Monsieur Milon, la liberté fondée sur l'expérience autorise une parole redoutable, mais précieuse...
Nous entrons dans une période nouvelle qui implique un changement de paradigme. À la suite de la crise financière de 2008, les règles ont été durcies ; or le régime de finances publiques que nous allons connaître n'aura rien à voir avec ce que nous avons connu jusqu'alors. Nous ne retrouverons pas, au moins avant plusieurs années, un niveau de dette publique et un niveau de déficit comparables à ce qu'ils étaient avant la crise. Le projet de loi de finances pour 2021 prévoit un taux de déficit de 5,7 % ! Pour faire face à la crise, des dépenses massives ont été engagées, au niveau national et au niveau européen. Dans le débat public, on a besoin d'une institution comme la nôtre qui permette à tous les citoyens d'étayer leur jugement sur les services publics. Je souhaite que la Cour évalue davantage les politiques publiques et accompagne davantage la décision publique. J'ai d'ailleurs lancé un chantier de réflexion sur les juridictions financières.

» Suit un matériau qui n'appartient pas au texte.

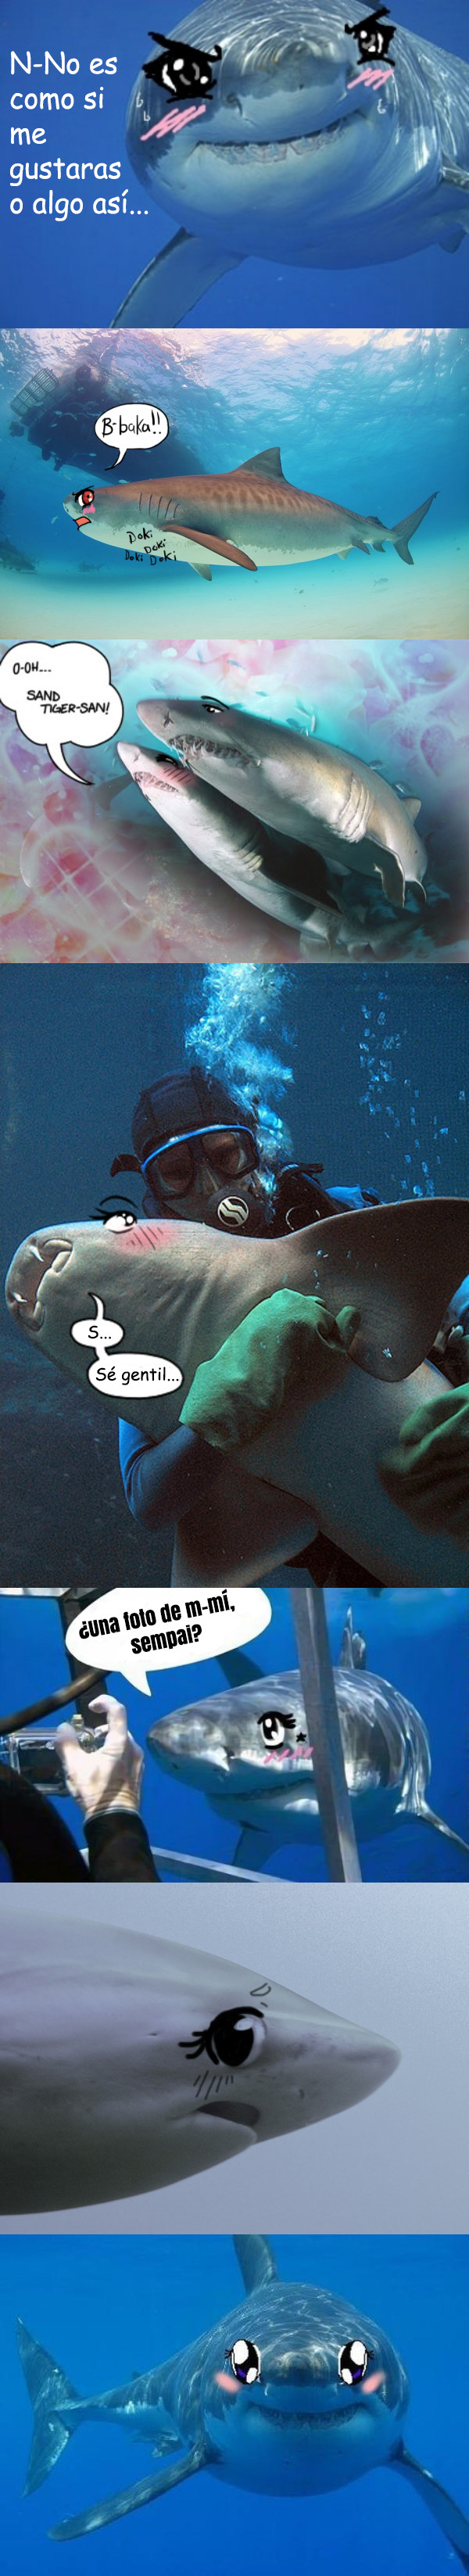 Meme_otros - Tiburones, los incomprendidos del mar

La Cour n'est pas l'ennemie de la dépense publique ; mais elle a à coeur d'intégrer deux notions dans sa réflexion. D'une part, la soutenabilité de la dette : on ne peut pas financer durablement à crédit une économie ou un système social. Pensons à notre jeunesse, qui aura à rembourser cette dette. D'autre part, la qualité de la dépense publique : est-elle efficace, pertinente ?
S'agissant des recettes, elles n'entrent pas tout à fait dans le champ de compétence de la Cour des comptes, mais plutôt dans celui du Conseil des prélèvements obligatoires, qui publiera la semaine prochaine un rapport sur la fiscalité des entreprises.
Les choix doivent être collectifs et le débat public est ouvert. La Cour y prendra toute sa part, sans faire preuve de rigidité, mais sans renoncer à sa raison d'être, à savoir veiller à la bonne utilisation de l'argent public. Plus on dépense, mieux on doit dépenser : c'est une exigence de nos concitoyens.